Like most people, I need a FEW SECONDS OF DOWNTIME here and there to prevent my head from exploding.

When your twin baby siblings are crying in unison and I’ve just finished making sure that you are completely set and comfortable, that’s not exactly the best time to ask me to change the video on YouTube or to get you a cookie.

Believe me, if I could do everything for everyone at exactly the same time, I would. But, then I would be a robot, and as we’ve discussed above, I am not a robot.

I am a real person.

Furthermore, in case there was a misprint in the family handbook, I do not actually need you to wake me up before dawn with a grumpy throat clear and requests for the iPad. My idea of a good time is not watching the same episode of The Incredible Hulk on a loop one-hundred times in a row while you treat our furniture like a trampoline park.
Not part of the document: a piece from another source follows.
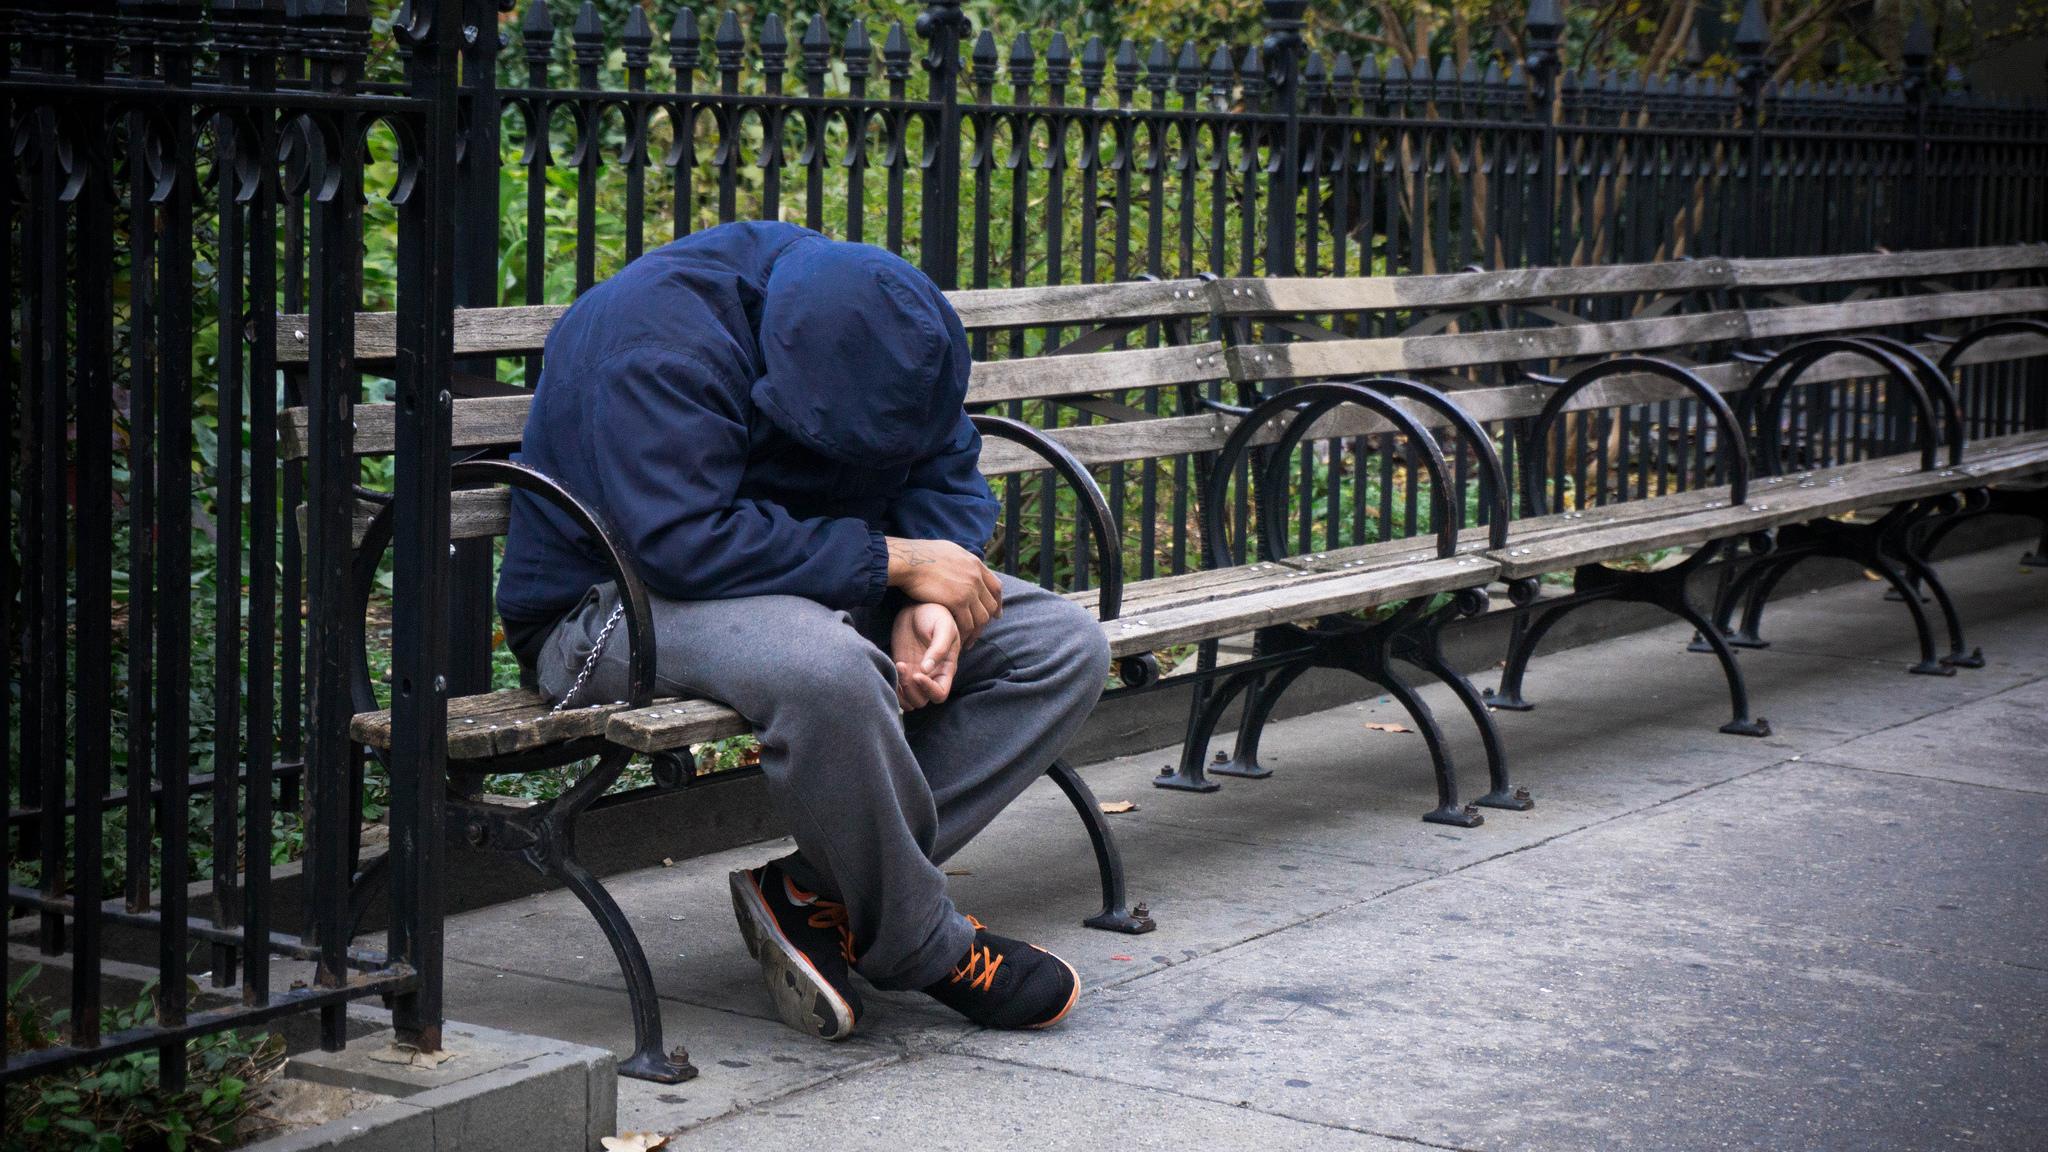 ارتفاع حالات الوفاة جراء تعاطي المخدرات من الامريكيين بمعدل 42%

When your dad and I take the family on a super fun family outing, we don’t need critiques on how the other museum would have been better.

I see that look on your face and I know what you’re thinking.

I’m the mama. It’s my job to do the dirty work.

Yes, this is true. I reviewed the contract before I signed onto this motherhood gig. I read the fine print and everything. I’m a lawyer. It’s what I do.

Sure, there were some paragraphs I had questions about, but I knew I’d be working days, nights, and weekends. Unlike the job I went to school for, I knew motherhood wouldn’t come with certain luxurious perks. I was okay with that. I still am. In fact, I am more than okay with it.

I love being your mama.

Also, I know you’re at an age where you need me a lot and I’m on board with that, too. I love that I get to be around you all the time and that you want to show me every little bit of your life. I know that won’t last forever.

Still, it’s important that we have this chat. There aren’t many good stories about entitled thirty-year-old kids who treat their parents like servants, and I’m not going to let you become a cautionary tale.

Instead, your dad and I will continue to work together to raise you into being the confident, capable, independent, appreciative person you were meant to be. You’ll thank us one day.

But, until then, I’m going to need you to throw away your own yogurt cups.